> Task brief: Give back exactly the lines starting at the one with "Champion SHORTS (챔피언 쇼츠) 2색전개 17 SS-I" and ending at the last line of the data below. Pictures are not part of the copy.

> Material provided:

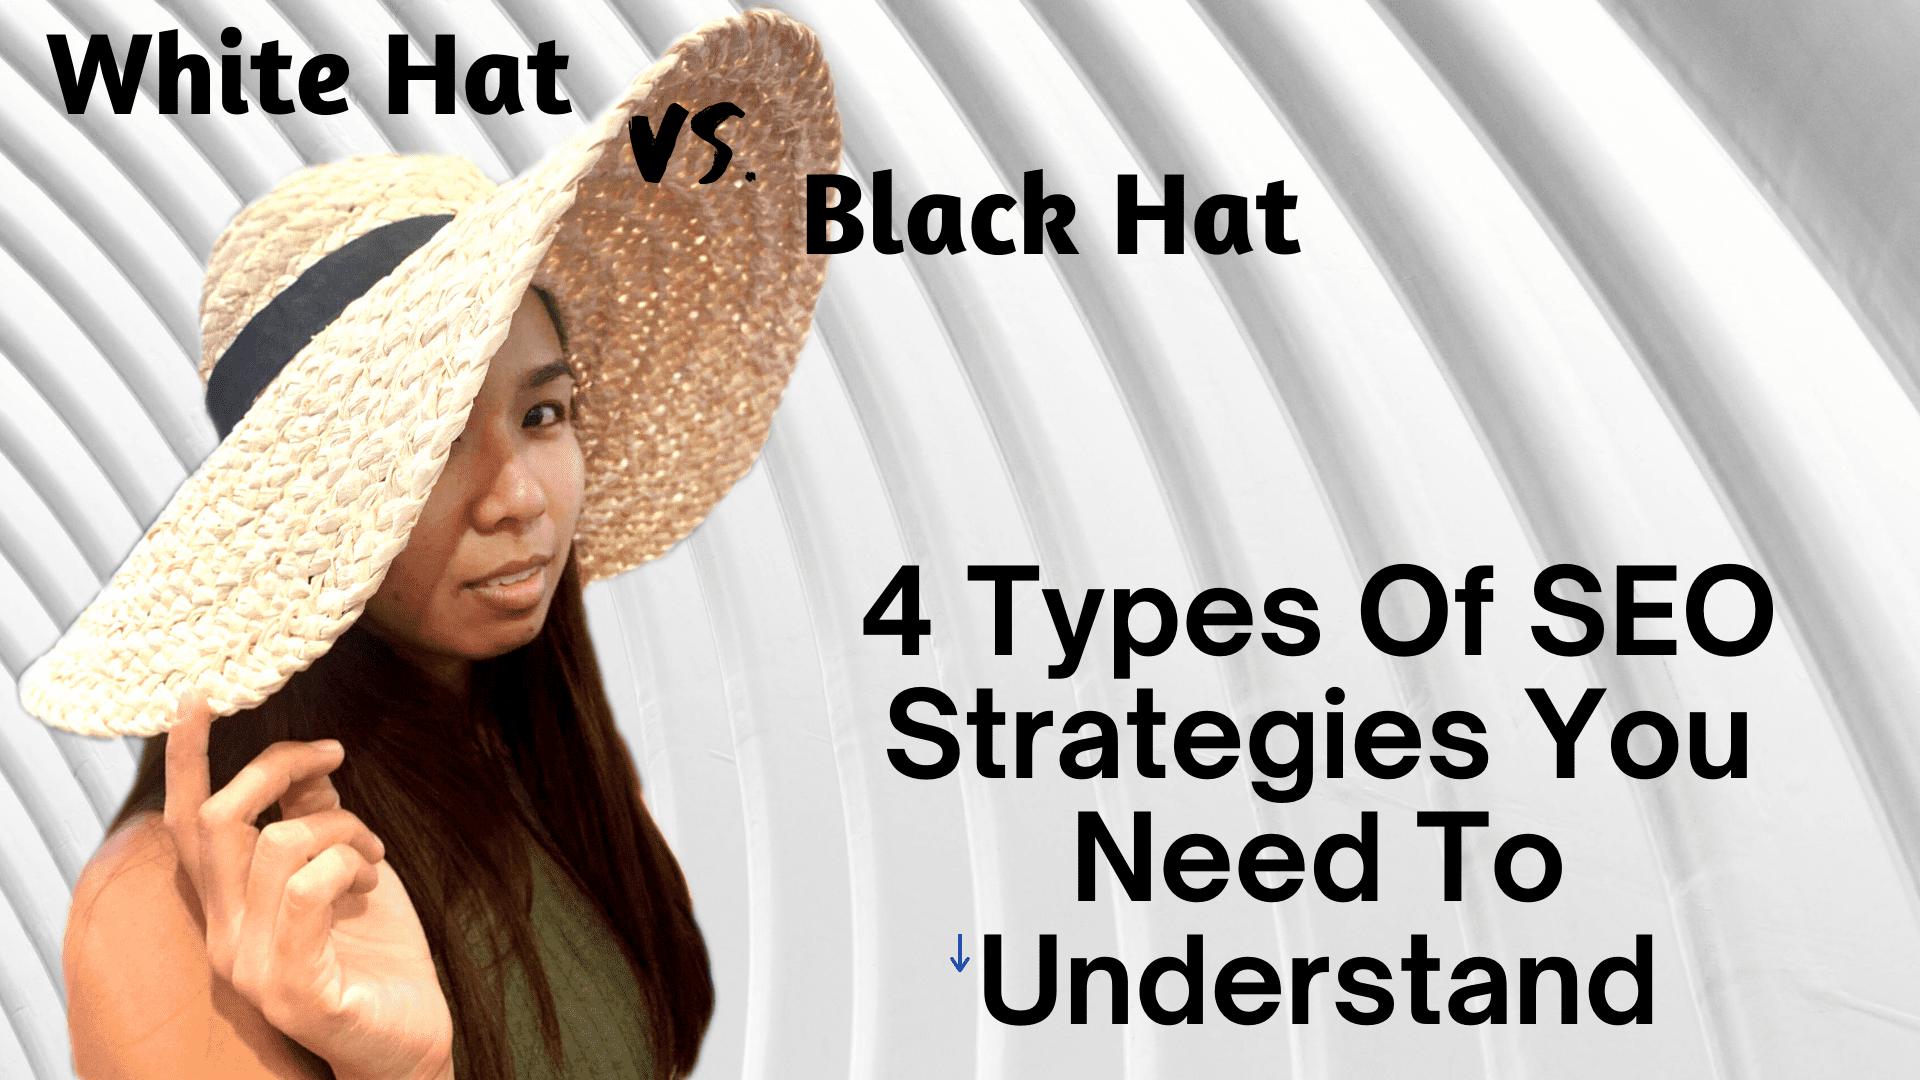 4 Types Of SEO Strategies - White Hat vs. Black Hat
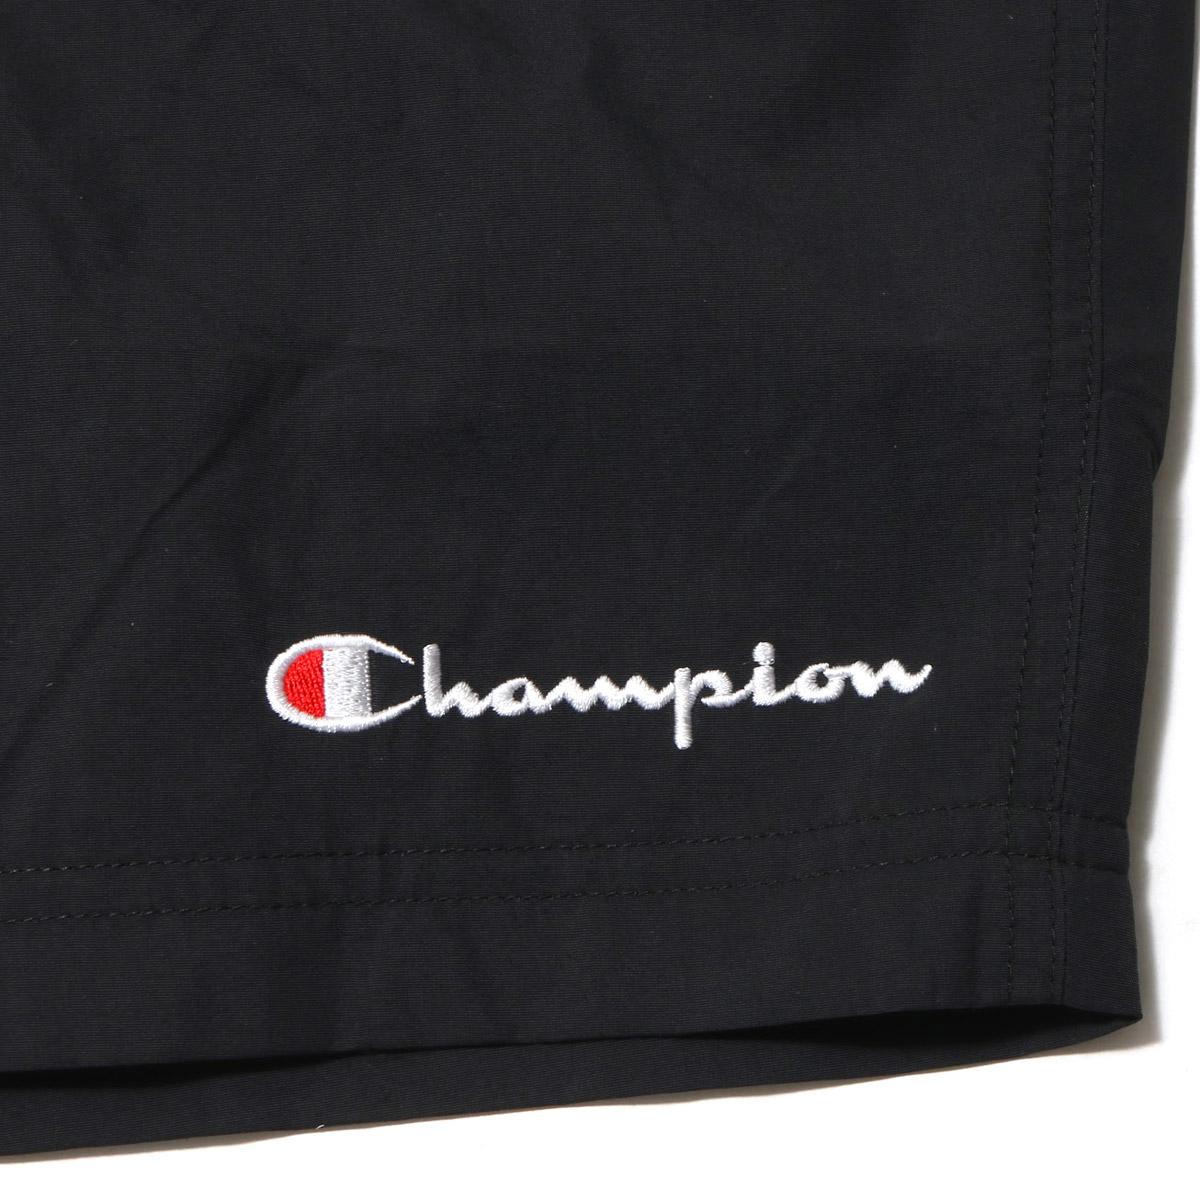 Champion SHORTS (챔피언 쇼츠) 2색전개 17 SS-I
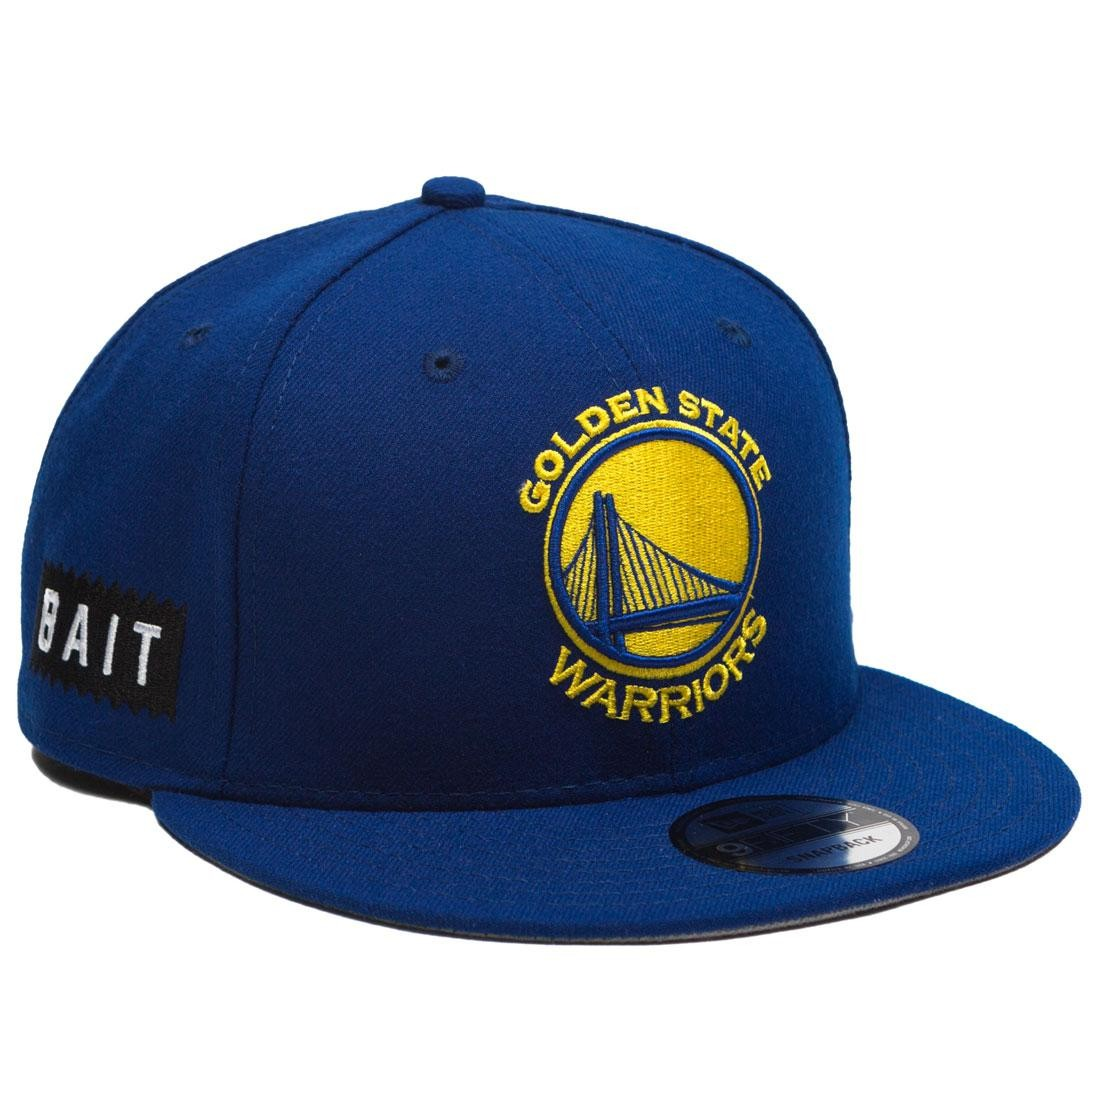 big sale 833d0 cd8f7 ... order bait x nba x new era 9fifty golden state warriors otc snapback  cap blue b39bf

> Task output:
 Champion SHORTS (챔피언 쇼츠) 2색전개 17 SS-I
 big sale 833d0 cd8f7 ... order bait x nba x new era 9fifty golden state warriors otc snapback  cap blue b39bf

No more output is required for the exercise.